Als een partij tekortschiet in de nakoming van een overeenkomst, betekent dat niet direct dat de andere partij zijn verplichtingen niet hoeft na te komen. Vertaald naar deze zaak betekent dit dat als het juist is dat [bedrijf01] de reparatiewerkzaamheden niet goed heeft verricht, dit niet direct betekent dat [bedrijf02] niet voor de reparatiewerkzaamheden hoeft te betalen. Dat is pas anders als [bedrijf02] ofwel een tegenvordering heeft op [bedrijf01] die zij met de facturen mag verrekenen ofwel als [bedrijf02] de overeenkomst rechtsgeldig heeft ontbonden en er ongedaanmakingsverbintenissen ontstaan die erop zouden neerkomen dat [bedrijf02] niets meer hoeft te betalen. Van beide gevallen is geen sprake.
2.6.
[bedrijf02] vordert in deze procedure ontbinding van de overeenkomst. Om een overeenkomst te kunnen ontbinden vanwege een tekortkoming, moet de partij die tekortschiet in verzuim zijn. In dit geval kan pas sprake zijn van verzuim van [bedrijf01] , als zij door [bedrijf02] in gebreke is gesteld bij een schriftelijke aanmaning en de gelegenheid heeft gekregen om de reparatiewerkzaamheden alsnog binnen een redelijke termijn goed uit te voeren en vervolgens nakoming binnen deze termijn uitblijft (artikel 6:82 BW). [bedrijf02] heeft [bedrijf01] echter niet deugdelijk in gebreke gesteld.

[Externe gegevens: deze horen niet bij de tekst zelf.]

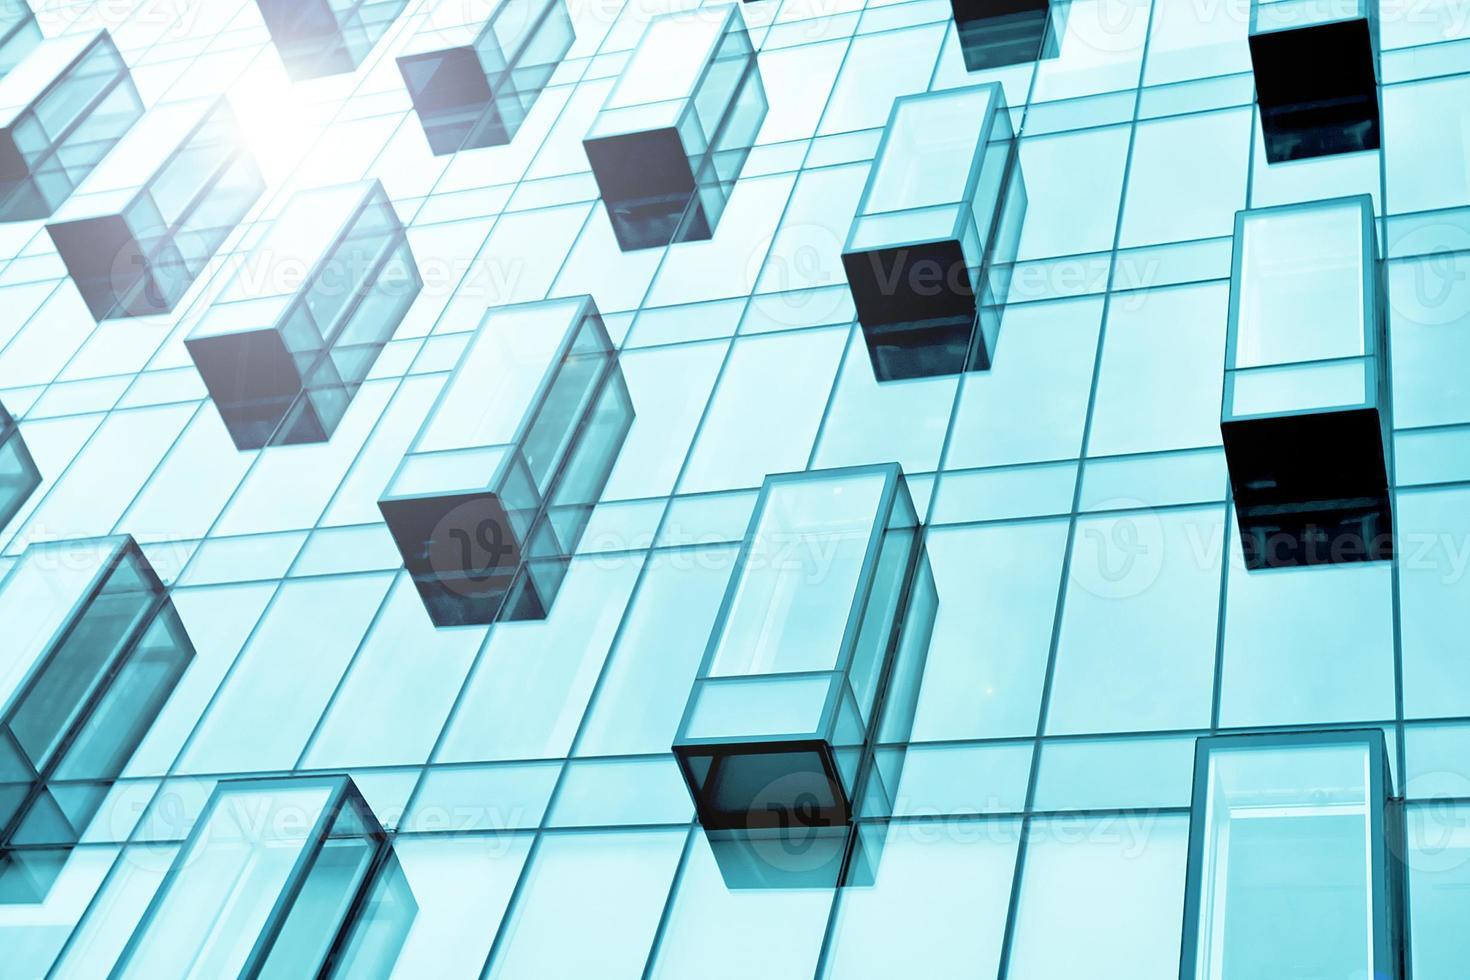 balconi di vetro blu di edificio aziendale foto

Vast staat dat [bedrijf02] na de werkzaamheden in september 2022 niet heeft geklaagd over mankementen aan de trilplaat. [bedrijf02] heeft vervolgens op 17 oktober 2022 de trilstamper opnieuw ter reparatie aangeboden wegens klachten en na aanvullende werkzaamheden door [bedrijf01] op 21 oktober 2022 weer opgehaald. Nadien heeft [bedrijf02] pas voor het eerst schriftelijk aangegeven dat er iets mis was met de machines bij e-mail van 17 januari 2023. In die e-mail maakte [bedrijf02] bezwaar tegen de facturen:
“Al eerder doorgegeven dat we er niet mee eens zijn wat betreft de facturen. Dit omdat er dingen mankeren aan de machines. Mijn werkgever komt binnenkort langs om hierover te praten.”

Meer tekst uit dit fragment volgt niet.